As expected, it’s a pile of gibberish.

Linking

In our main.c program, we use the printf function, which is provided by the standard C library included with every C compiler. This function exists in a precompiled object file called printf.o.

The job of the linker (ld) is to merge the required object files, such as main.o and printf.o, to create an executable file that can be loaded into memory and executed by the system.

In practice, when we use the command gcc main.c -o main, it generates the executable file—on Windows, this would be an .exe file, while on Linux, it’s usually an executable file named a.out by default. However, we used -o to customize the output file name.

That’s the entire compilation process! Do you understand it now?

By the way

By the way, do you know the difference between compiled languages (C/C++) and interpreted languages (Python/Java)?

Here’s a fun explanation I found from an anonymous user on Zhihu.

It’s a vivid description, and for more detailed explanations, you can refer to this blog by Katulus and this blog by jack-zhu. Below is another helpful image.

By the way 2

There’s another surprise!

For detailed explanations of the relationships between .obj, .lib, .dll, .exe files in Windows, and .o, .a, .so files in Linux, you can refer to Oldpan‘s blog. It’s well-explained.
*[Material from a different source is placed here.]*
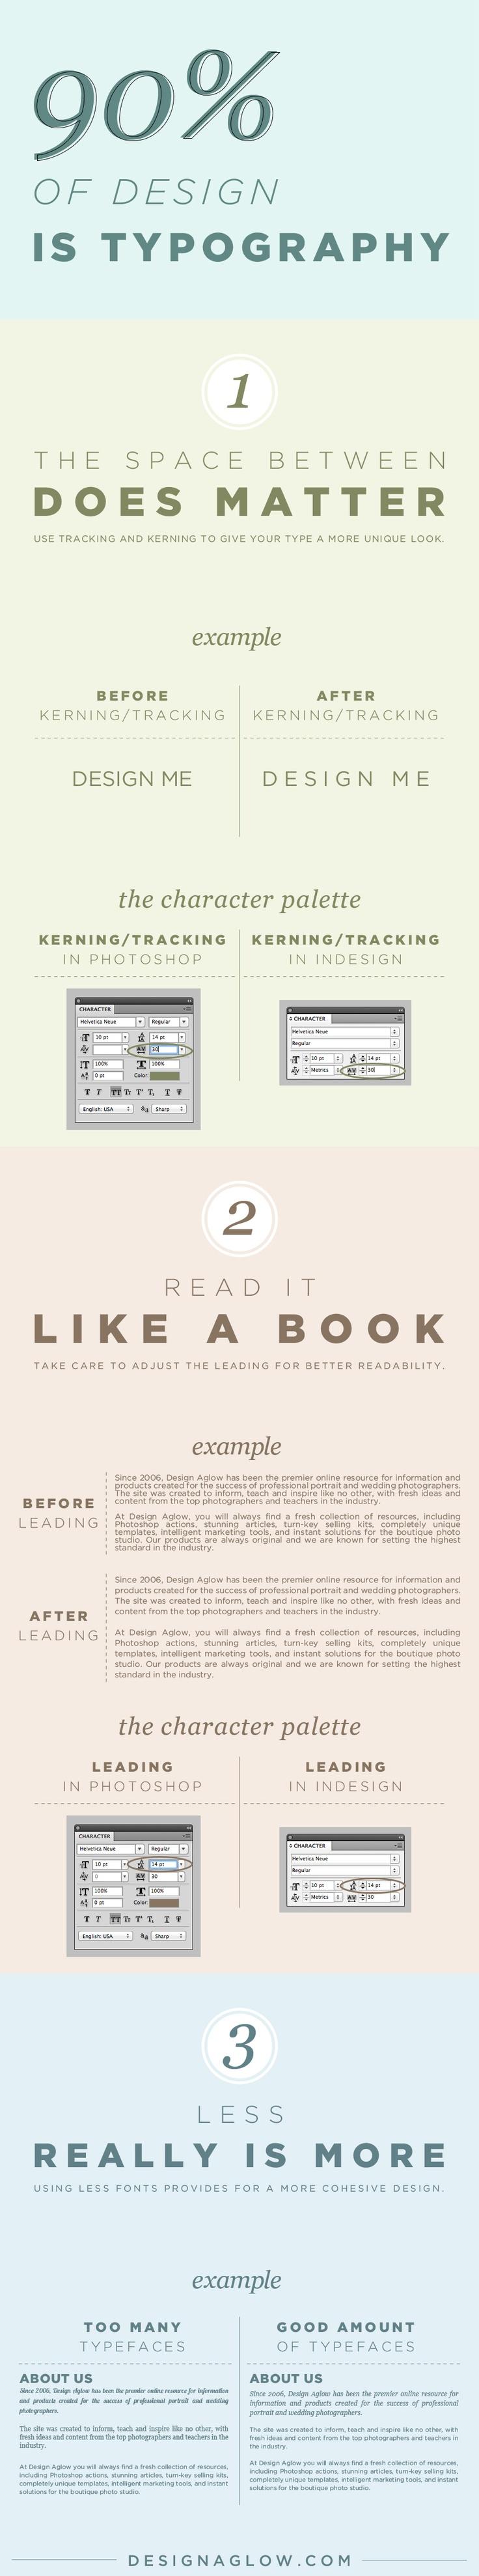 design is typography

In short, .obj is the relocatable object program we obtained in the assembly phase, .lib is a library file used for static linking, and .dll is a library file for dynamic linking. .lib and .dll are collections of multiple .obj files, with .lib needed during the compilation phase and .dll needed during runtime.

In Linux, .o corresponds to Windows’ .obj, .a corresponds to .lib, and .so corresponds to .dll.